§ ACTIVITY:
Exactly as they appear, please output the lines from the one with "Straße in Pompeji, Italien." through the end of the material, without pictures.

§ STORED DATA:
☆ ☆ ☆ ☆ ☆ ☆ ☆

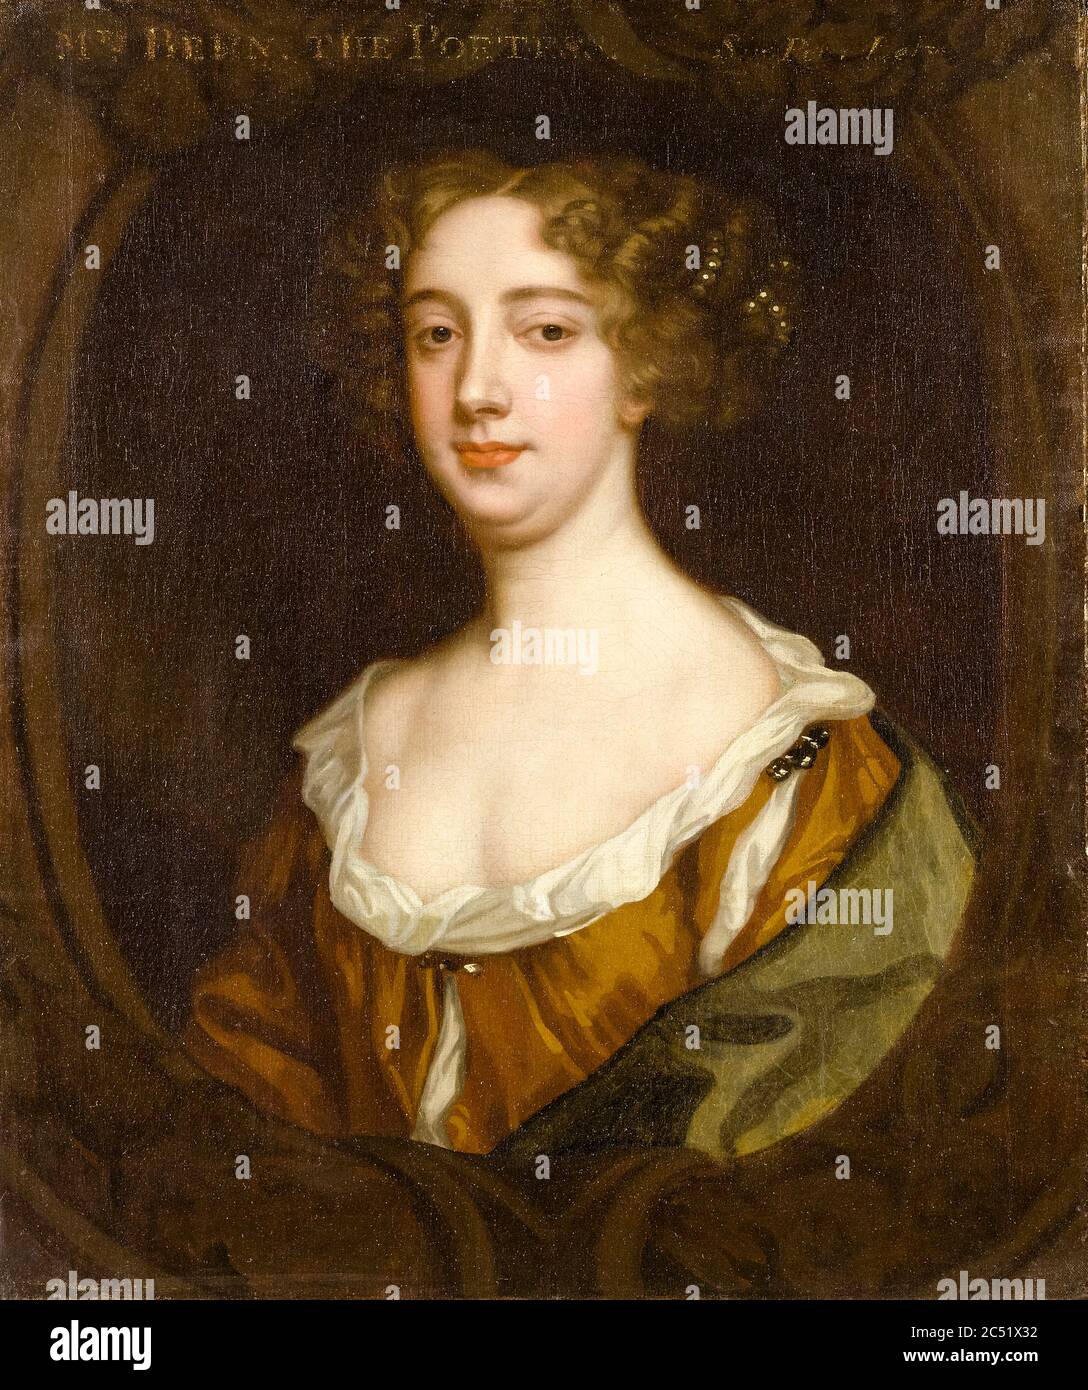 Aphra Behn (1640-1689), dramaturge anglaise, poète, traductrice et écrivain de fiction, portrait peint par Sir Peter Lely, vers 1670 Banque D'Images
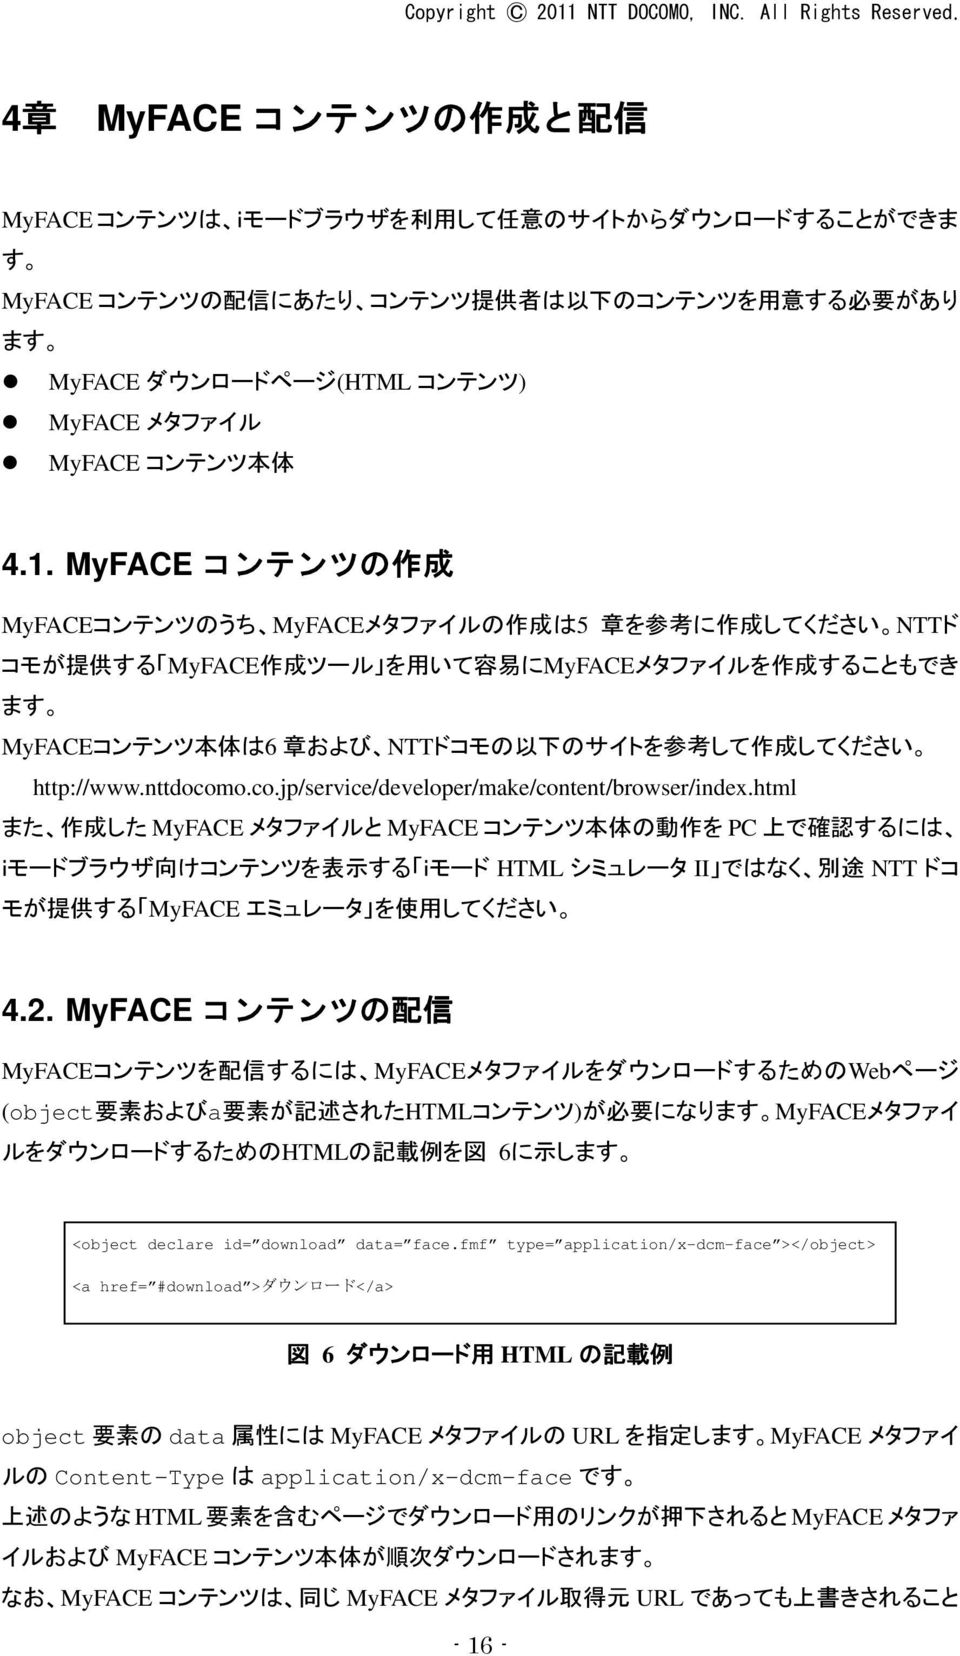 MyFACE コンテンツの 作 成 MyFACEコンテンツのうち MyFACEメタファイルの 作 成 は5 章 を 参 考 に 作 成 してください NTTド コモが 提 供 する MyFACE 作 成 ツール を 用 いて 容 易 にMyFACEメタファイルを 作 成 することもでき ます MyFACEコンテンツ 本 体 は6 章 および NTTドコモの 以 下 のサイトを 参 考 して 作
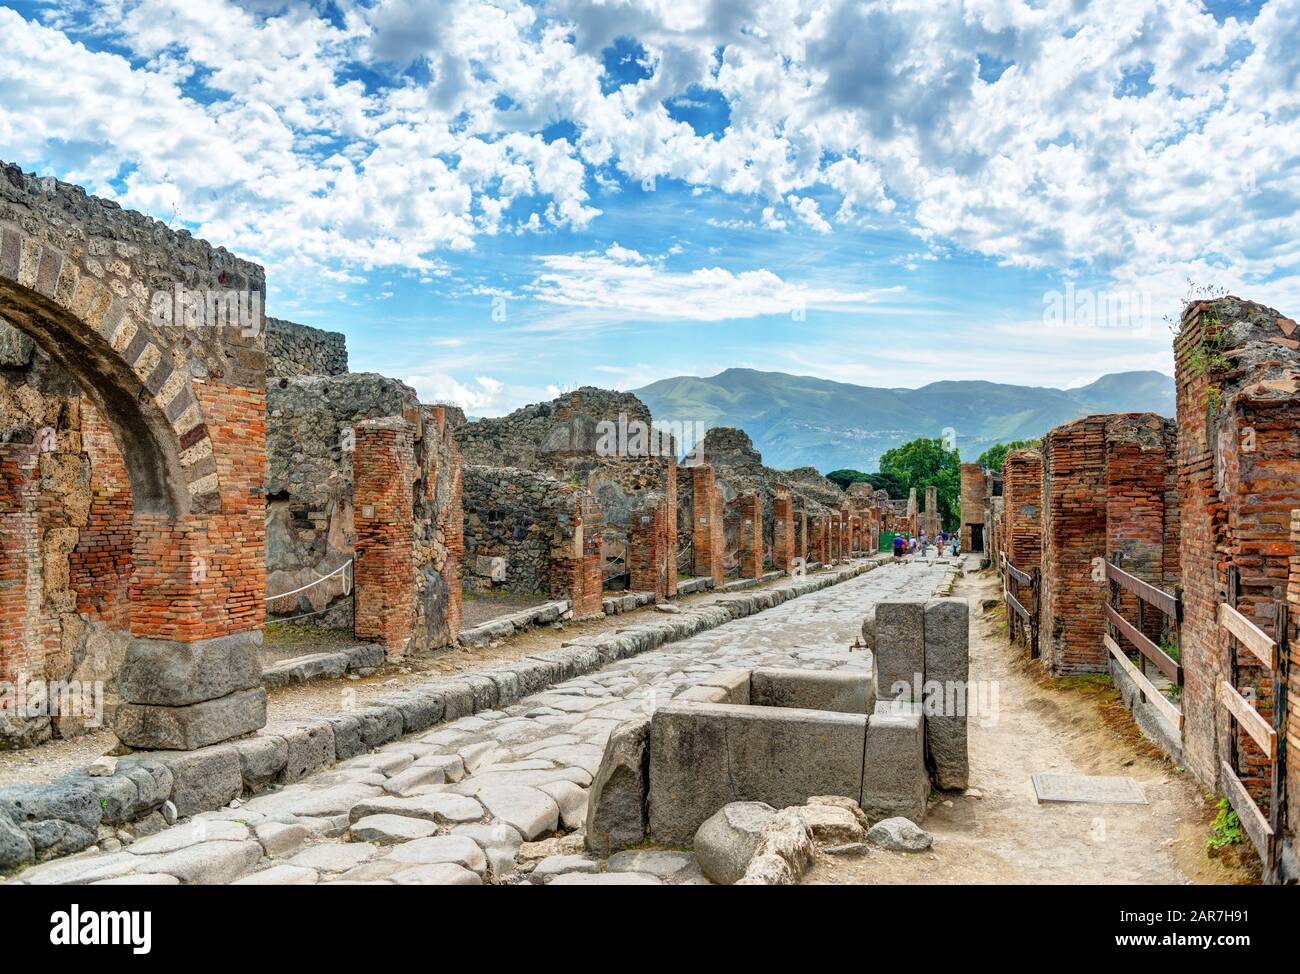 Straße in Pompeji, Italien. Pompeji ist eine antike römische Stadt, die durch den Ausbruch des Vesuvs im 1. Jahrhundert starb. Stockfoto
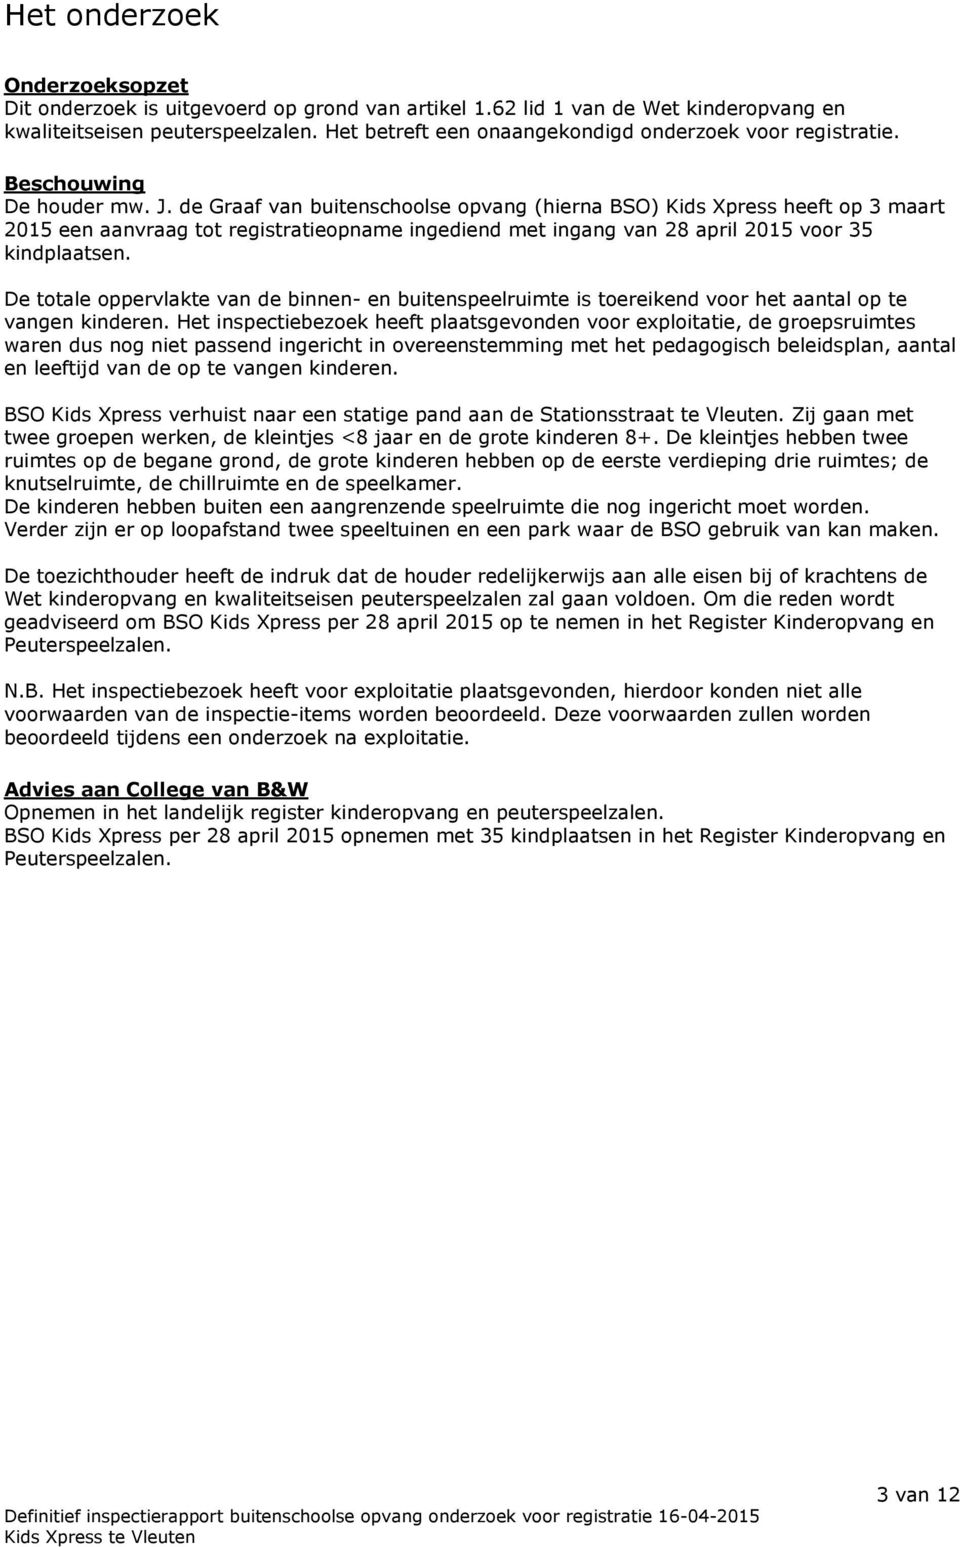 de Graaf van buitenschoolse opvang (hierna BSO) Kids Xpress heeft op 3 maart 2015 een aanvraag tot registratieopname ingediend met ingang van 28 april 2015 voor 35 kindplaatsen.

☆ ☆ ☆ ☆ ☆ ☆ ☆

§ SOLUTION TO THIS TASK:
 Straße in Pompeji, Italien. Pompeji ist eine antike römische Stadt, die durch den Ausbruch des Vesuvs im 1. Jahrhundert starb. Stockfoto
 de Graaf van buitenschoolse opvang (hierna BSO) Kids Xpress heeft op 3 maart 2015 een aanvraag tot registratieopname ingediend met ingang van 28 april 2015 voor 35 kindplaatsen.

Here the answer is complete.